Darren 🥚 Profile picture
Feb 4 13 tweets 4 min read
1/ A Wandering Mind is an Unhappy Mind (Killingsworth, Gilbert)

"A human mind is a wandering mind; a wandering mind is an unhappy mind. The ability to think about what is not presently happening is a cognitive achievement that comes at an emotional cost."
wjh-www.harvard.edu/~dtg/KILLINGSW…
2/ " “Stimulus-independent thought” or “mind wandering” appears to be the brain’s default mode and allows people to learn, reason, and plan.

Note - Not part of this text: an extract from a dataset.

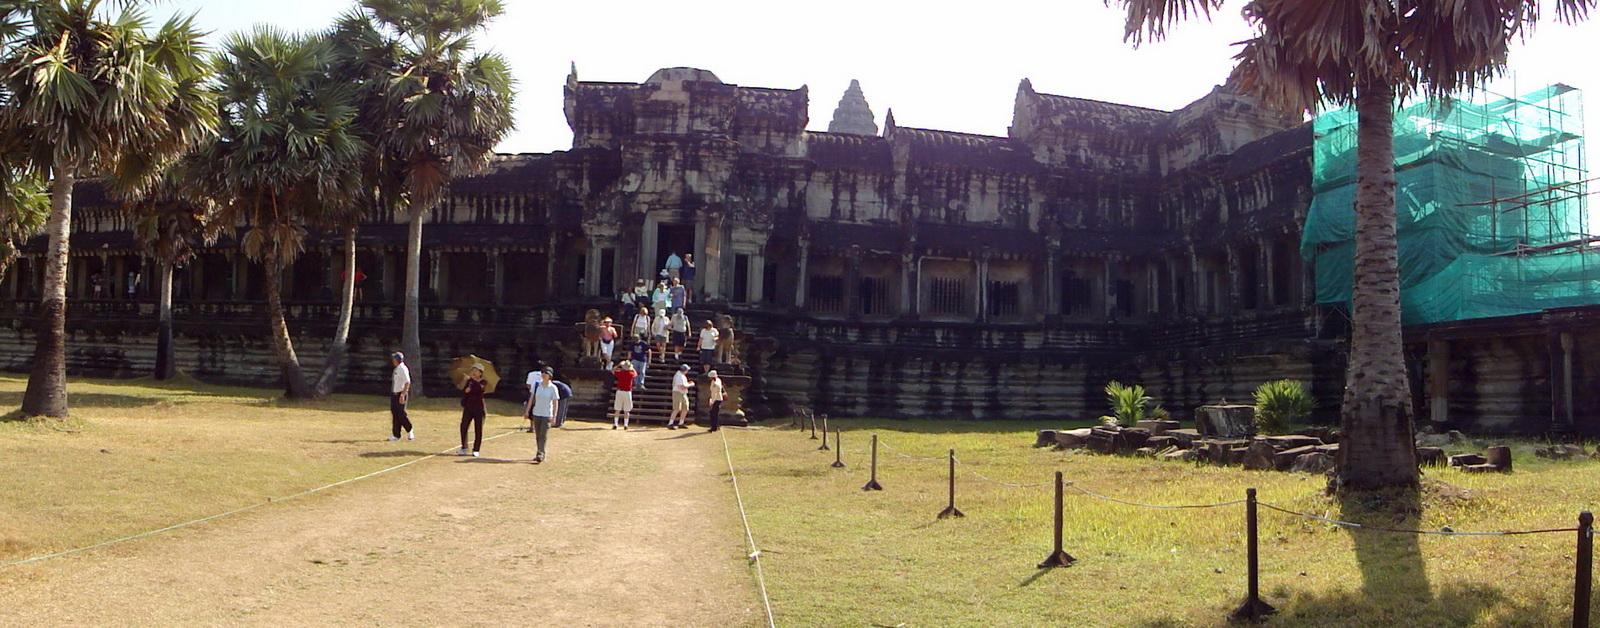 Angkor Wat west gallery entrance 01
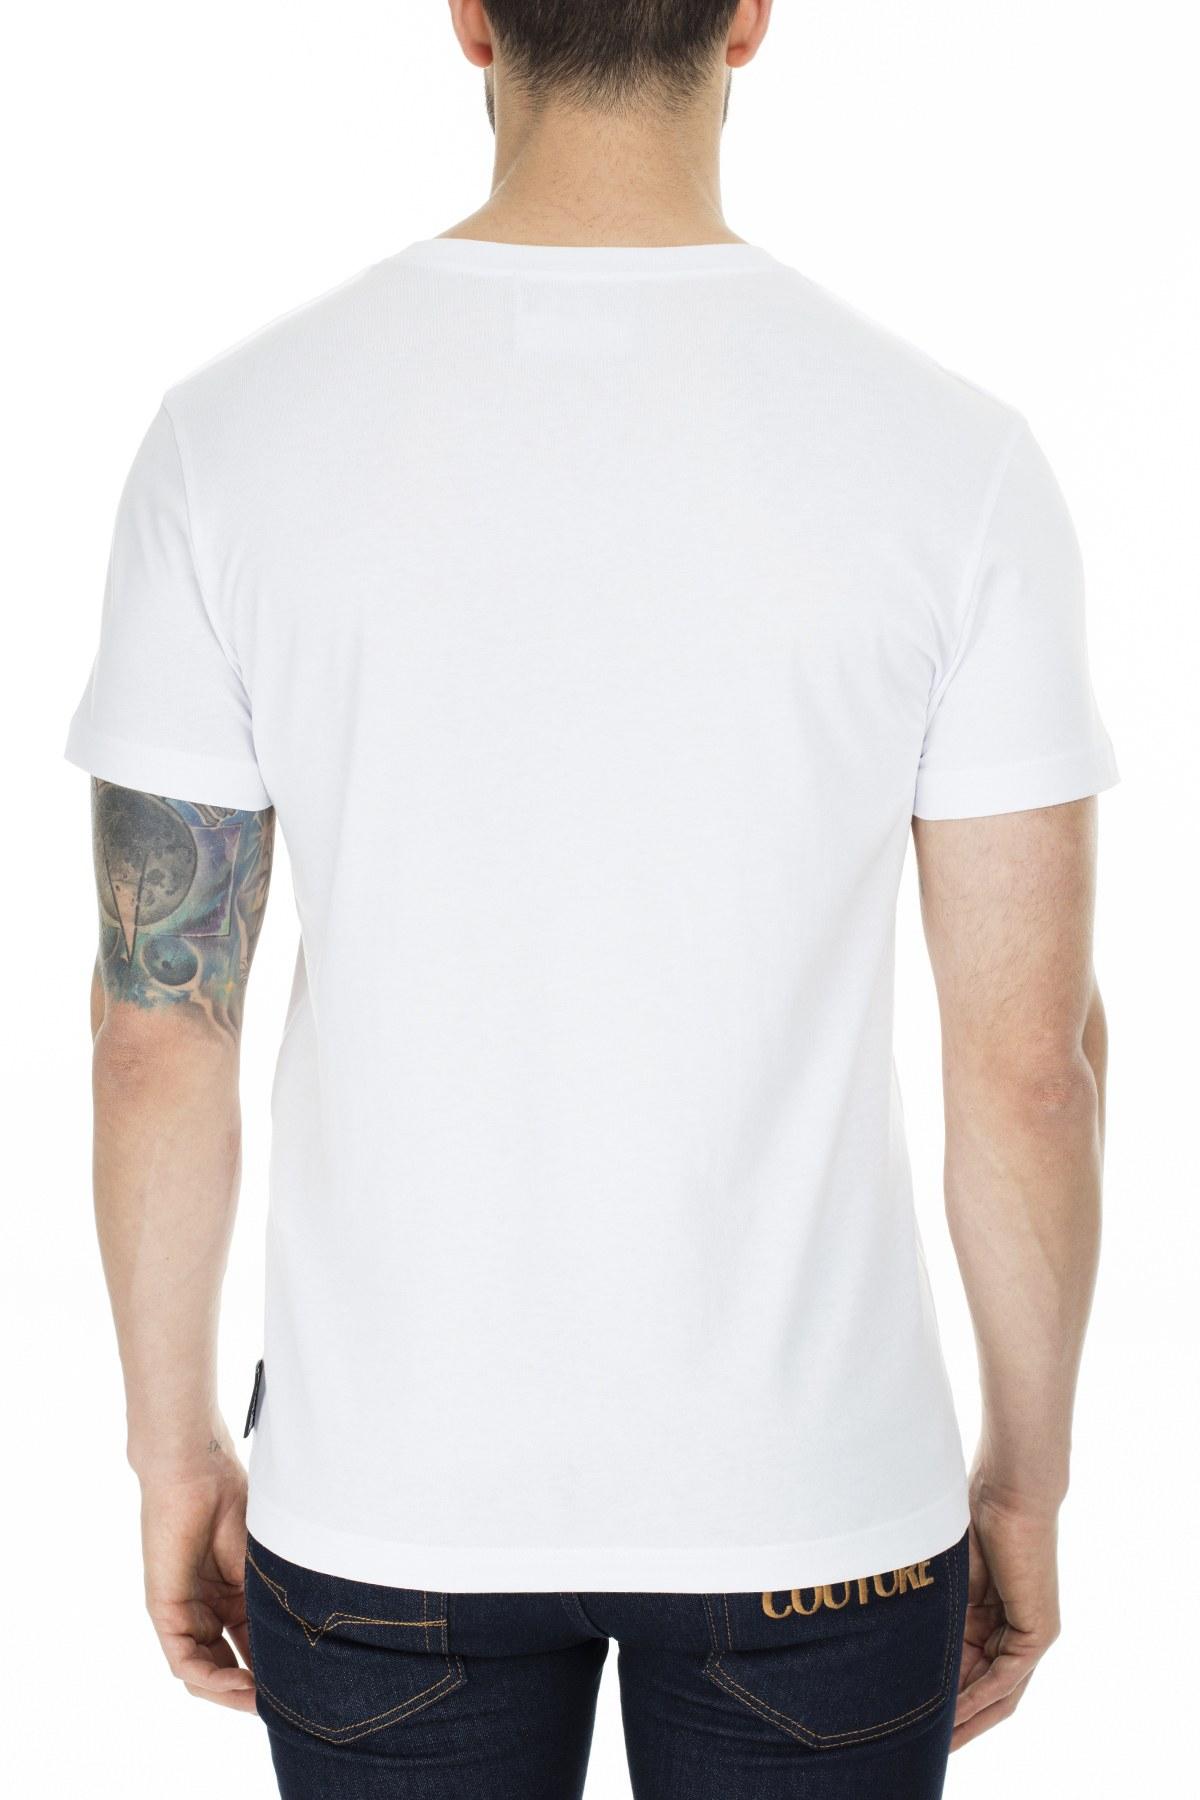 Versace Jeans Couture Slim Fit T Shırt Erkek T Shirt B3GVB7TS 30319003 BEYAZ

"Unfortunately, collecting real-time reports as people go about their daily lives is cumbersome and expensive.
3/ "Such experience sampling has rarely been used to investigate the relationship between mind wandering and happiness and has always been limited to very small samples.

"We solved this problem by developing aWeb application for the iPhone that contacts people at random moments.
4/ "Our database currently contains nearly a quarter of a million samples from about 5000 people from 83 different countries who range in age from 18 to 88 and who collectively represent every one of 86 major occupational categories.
5/ "The question 'How are you feeling right now? was answered on a scale from very bad (0) to very good (100).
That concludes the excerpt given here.